> _REQUIRED WORK_: Take the lines from the one with "Marvelous Monarchs! Crochet" through the last line of the material below and write them out exactly, without any pictures.

> _SOURCE MATERIAL_:
--- START ---

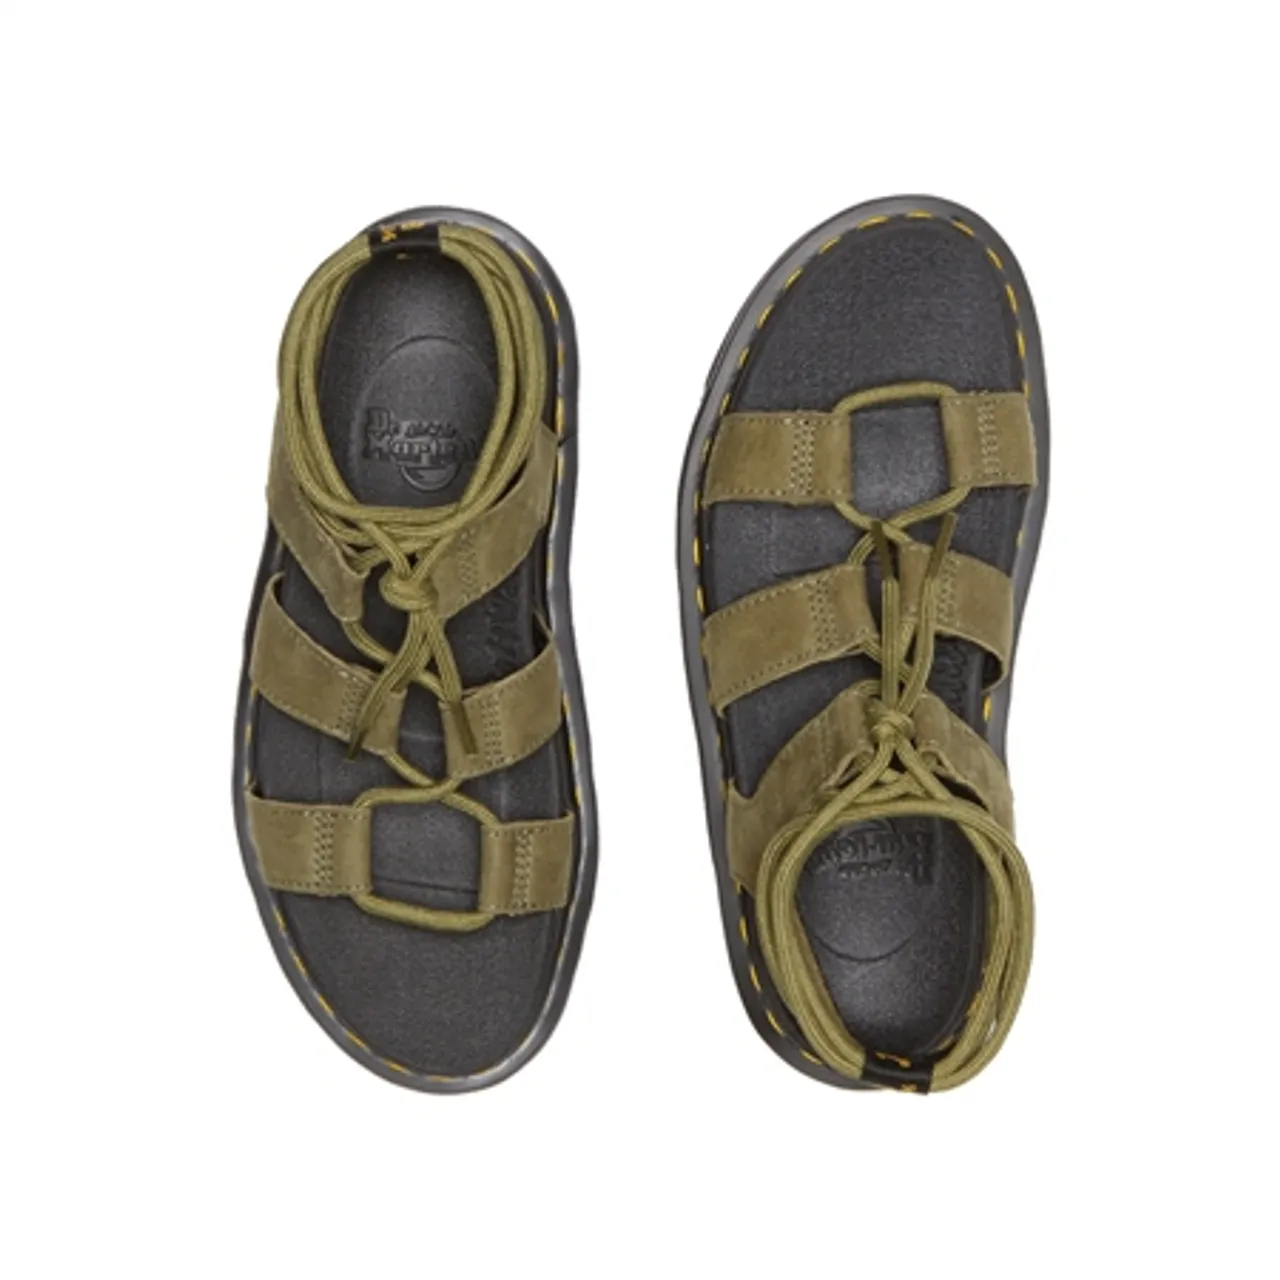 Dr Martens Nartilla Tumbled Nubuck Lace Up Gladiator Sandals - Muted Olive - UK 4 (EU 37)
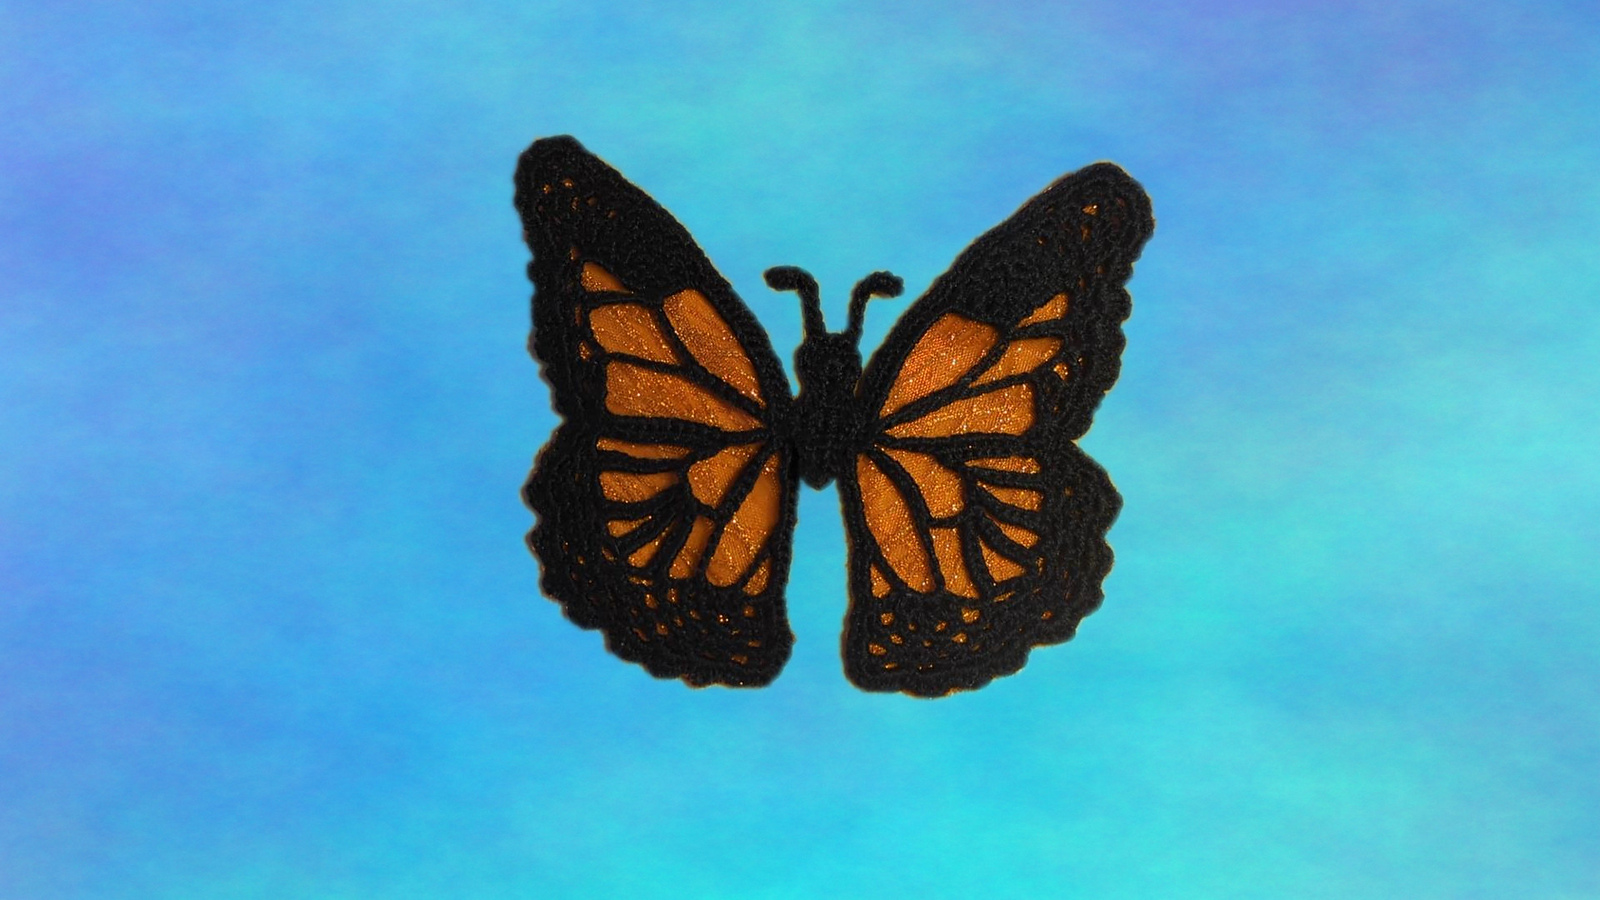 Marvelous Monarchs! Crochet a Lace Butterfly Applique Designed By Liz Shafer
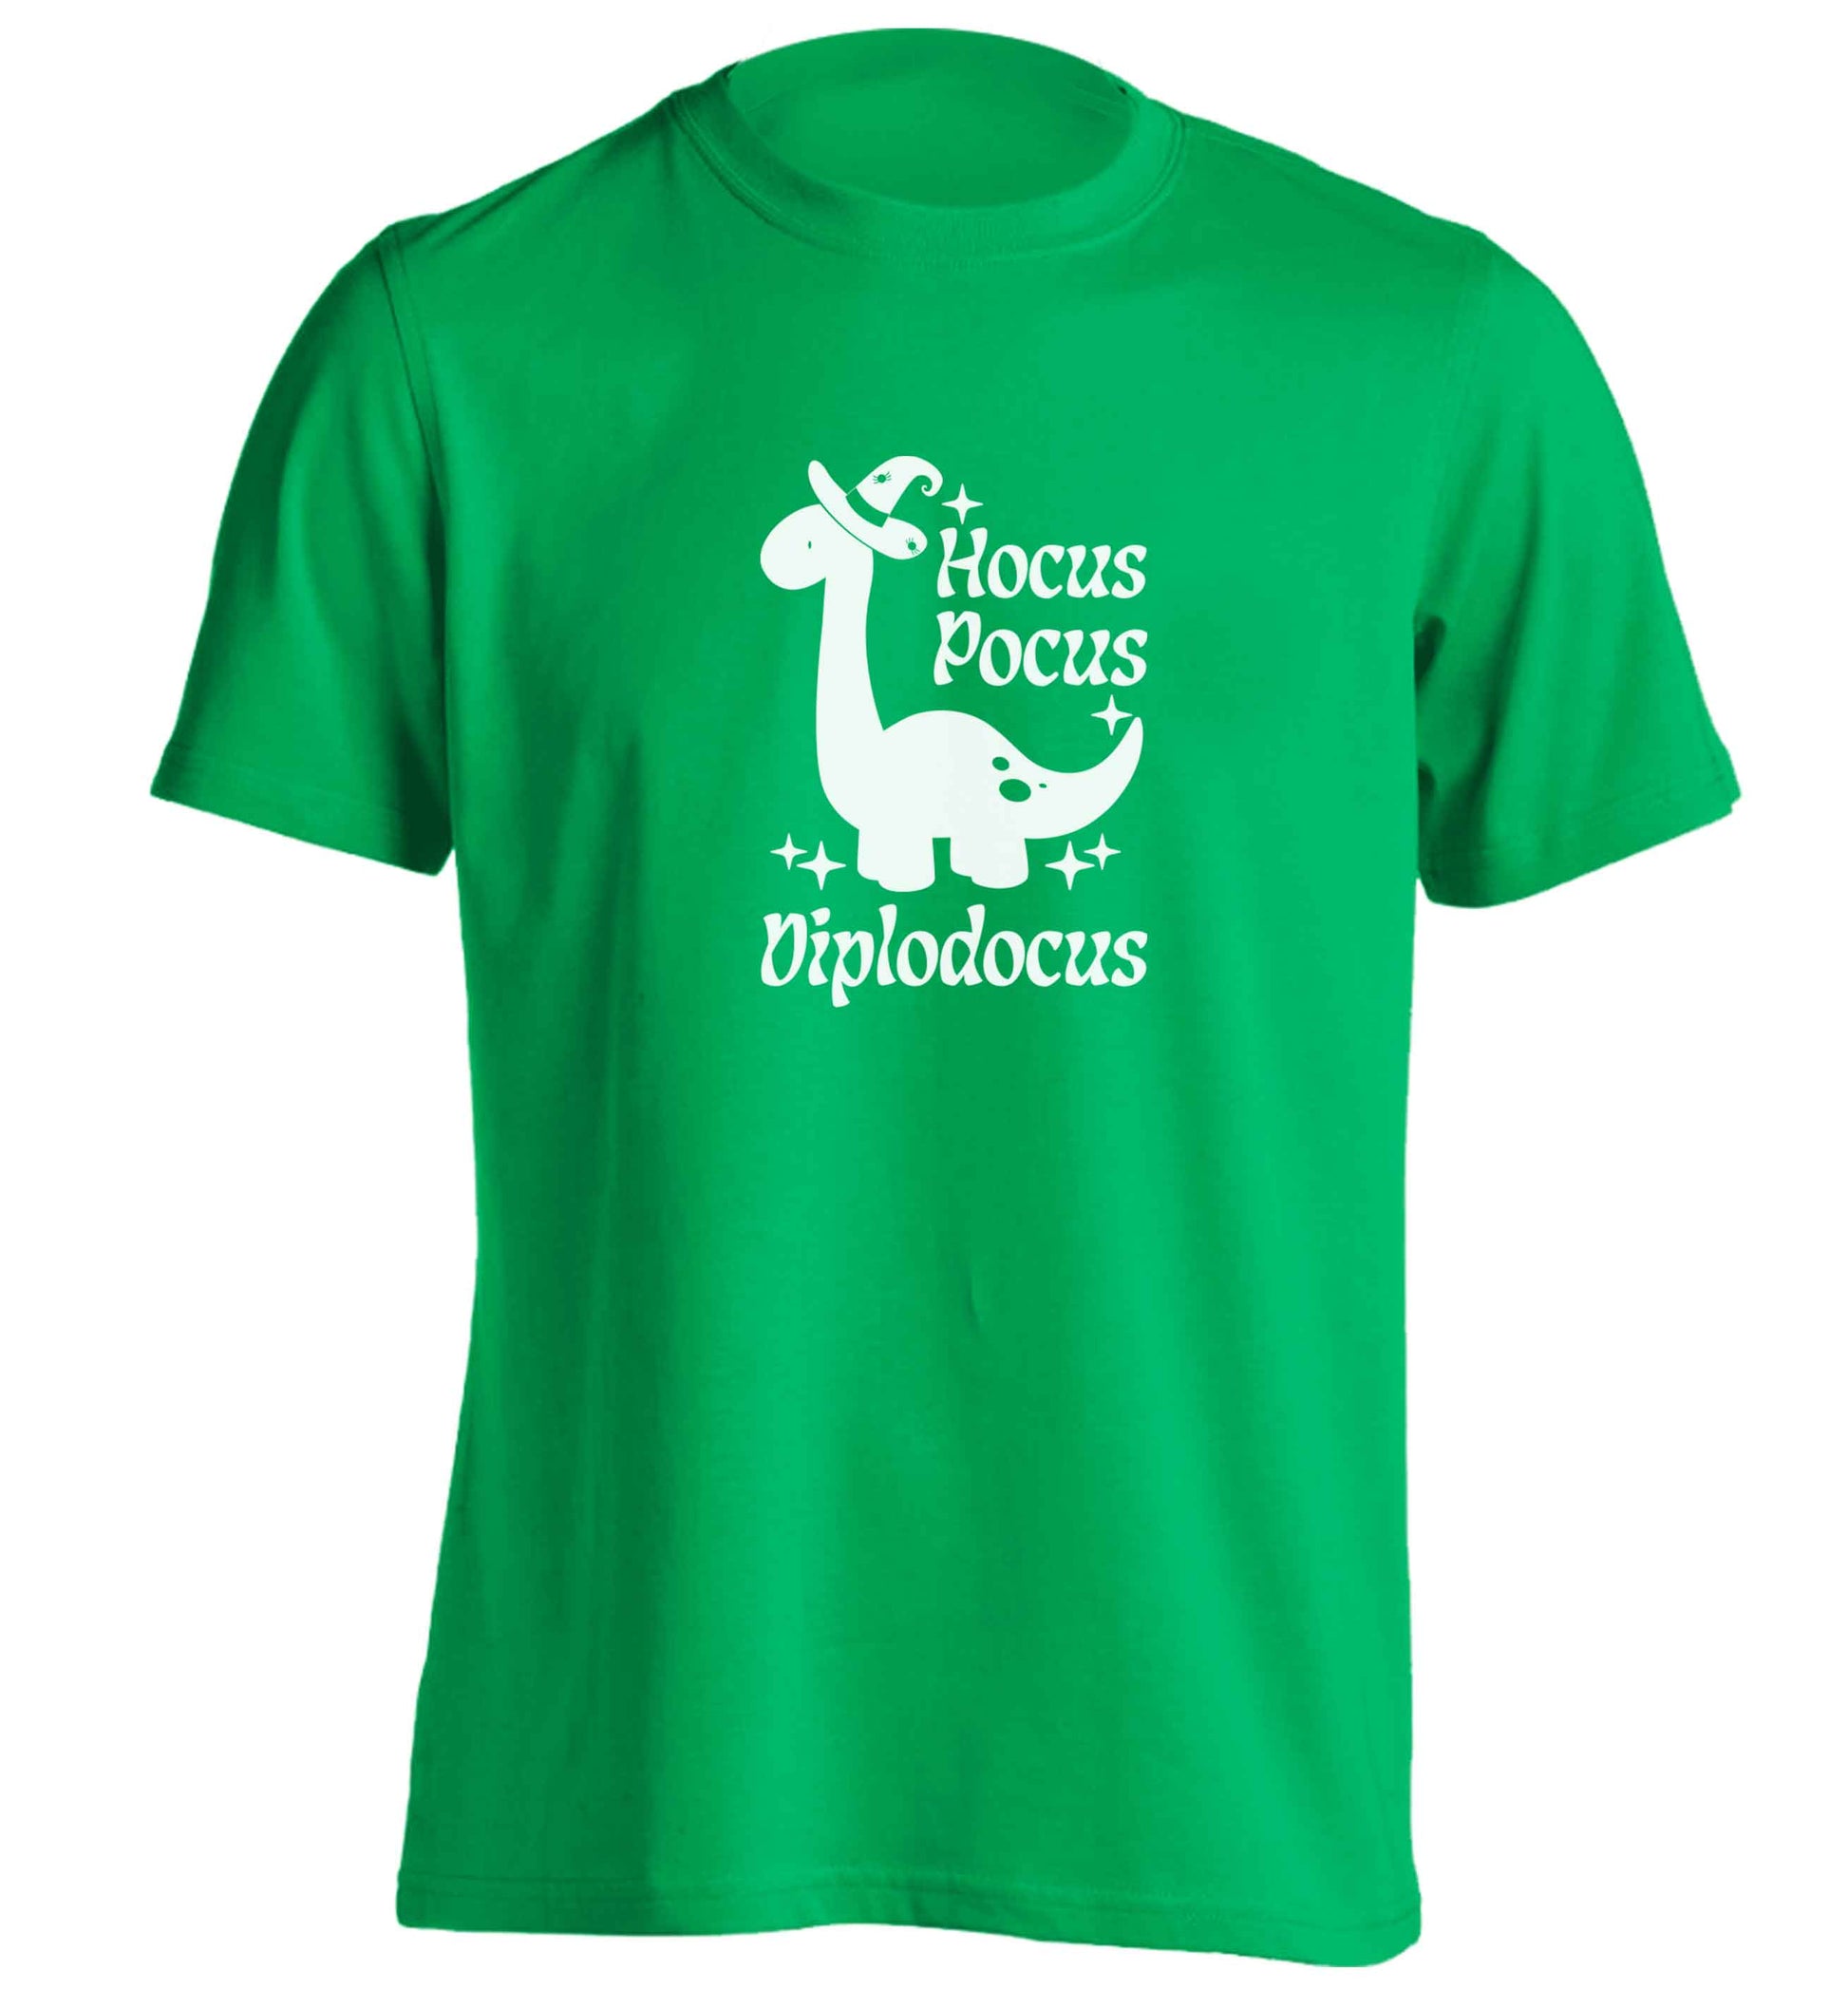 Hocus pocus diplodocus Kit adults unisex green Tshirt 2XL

--- END ---

> _RESPONSE TO THE EXERCISE_:
 Marvelous Monarchs! Crochet a Lace Butterfly Applique Designed By Liz Shafer
 Hocus pocus diplodocus Kit adults unisex green Tshirt 2XL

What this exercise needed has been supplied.